Laut Washington Post informierte das für das FBI zuständige Justizministerium am 6. November gegen 17 Uhr James R. Clapper, den obersten Geheimdienstchef, über das kompromittierende Material, das sie über den CIA-Chef gefunden hatten - also eine Stunde, bevor die Wahllokale in den ersten Staaten der Ostküste schlossen. Clapper sprach daraufhin mit Petraeus und riet diesem, das Weiße Haus zu informieren und seinen Rücktritt einzureichen. Am Mittwoch, dem Tag nach der Wiederwahl Obamas, informierte Clapper die Regierung. Obama selbst hatte, so die Washington Post, am Donnerstag von dem Sachverhalt erfahren und nach einem Gespräch mit Petraeus dessen Rücktrittsangebot zunächst nicht angenommen, bevor er am Freitag zustimmte.

Inwieweit Petraeus oder das FBI versuchten, die Veröffentlichung über die außereheliche Affäre des auch bei den Republikanern äußerst geschätzten CIA-Chefs (er wurde sogar als möglicher Vize von Mitt Romney gehandelt) hinter den Wahltermin zu schieben, ist bisher unklar. Weder Justizminister Eric Holder noch FBI-Chef Robert Mueller äußerten sich bisher. Allerdings ist die Einschätzung des Washingtoner Magazins Politico völlig richtig: Wäre die Enthüllung über den Seitensprung von "King David" vor der Wahl bekannt geworden, hätte dies die Wirkung der Bilder von Obama als Katastrophenhelfer im Kampf gegen die Schäden von Supersturm Sandy deutlich geschwächt.

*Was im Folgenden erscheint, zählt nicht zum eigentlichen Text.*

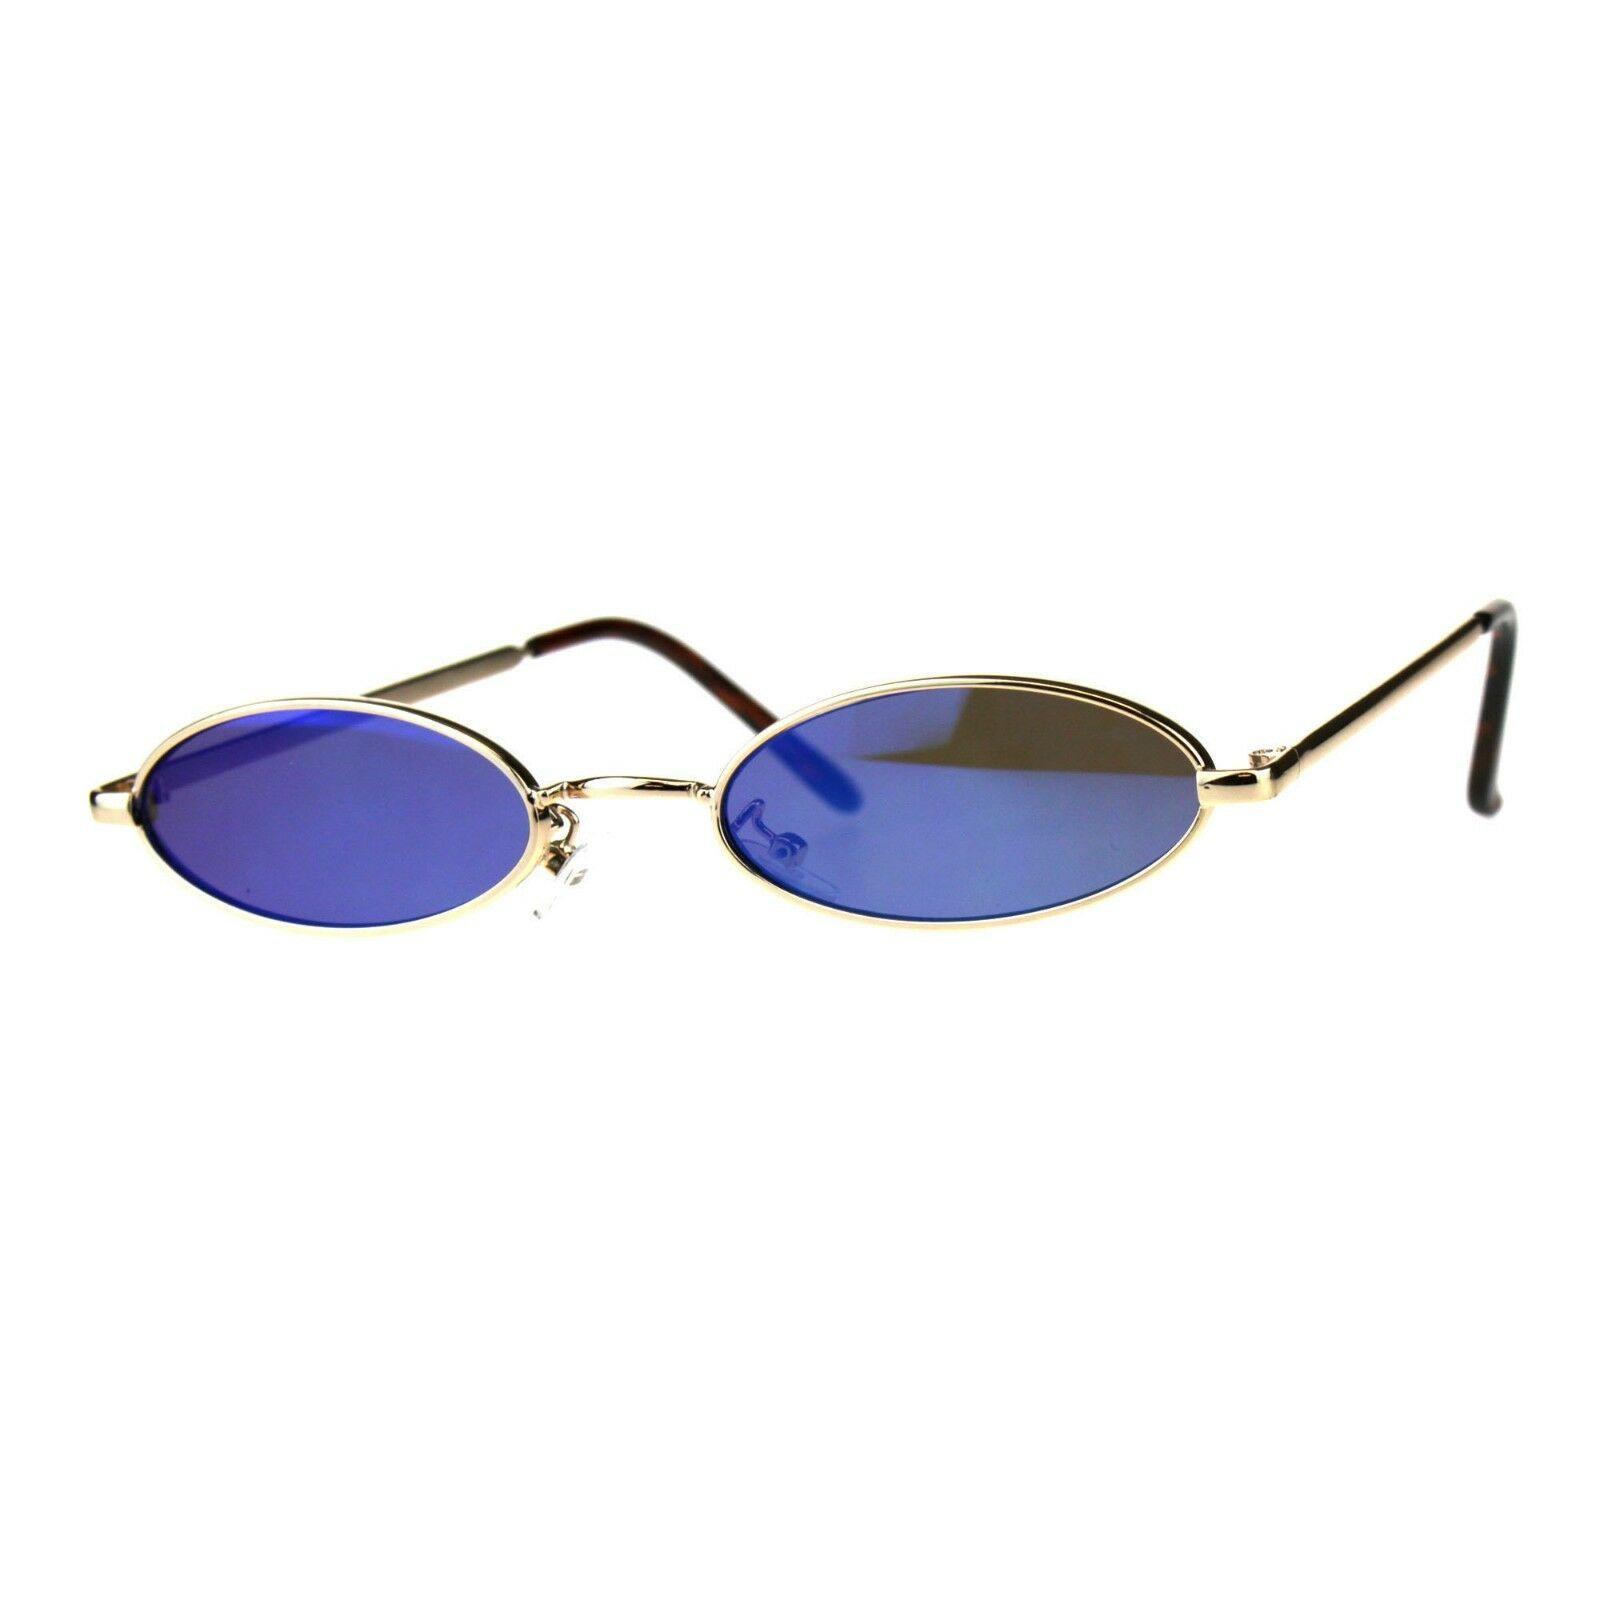 Super Skinny Sunglasses Womens Oval Flat Metal Frame Mirror Lens UV400

In Gesprächen mit der Washington Post versicherten die Regierungsbeamten, es bestehe kein Zusammenhang zwischen dem Rücktritt und der seit Wochen andauernden Kritik der Republikaner an Obamas Aufklärung des Anschlags in Bengasi, bei dem vier Amerikaner starben. Seit Mitte September wird ständig diskutiert, ob die CIA in ihrer Aufklärungsarbeit versagt habe und vor der Bedrohung in Bengasi hätte warnen müssen. Viele konservative Kommentatoren üben sich bereits in Verschwörungstheorien - in der kommenden Woche hätte Petraeus vor dem Kongress aussagen sollen.

Deutlich vernehmbar ist die Kritik, dass etwa die Mitglieder des Geheimdienst-Ausschusses von Senat und Repräsentantenhaus erst am Freitag über die Untersuchung informiert wurden - gleiches gilt für die Sprecher beider Parteien auf dem Capitol Hill. Die Begründung der anonymen Quellen der Washington Post: "Es habe sich hier um private Angelegenheiten gehandelt und nicht um Geheimdienstinformationen."

Für Gesprächsstoff wird eine Enthüllung der New York Times sorgen: Demnach habe ein whistle blower Eric Cantor, den zweitmächtigsten Republikaner im Repräsentantenhaus, über Gerüchte informiert, dass Petraeus fremdgehe. Cantors Büroleiter habe dies dem FBI eine Woche vor der Wahl mitgeteilt.

[] Welche Folgen hat dies für US-Präsident Obama?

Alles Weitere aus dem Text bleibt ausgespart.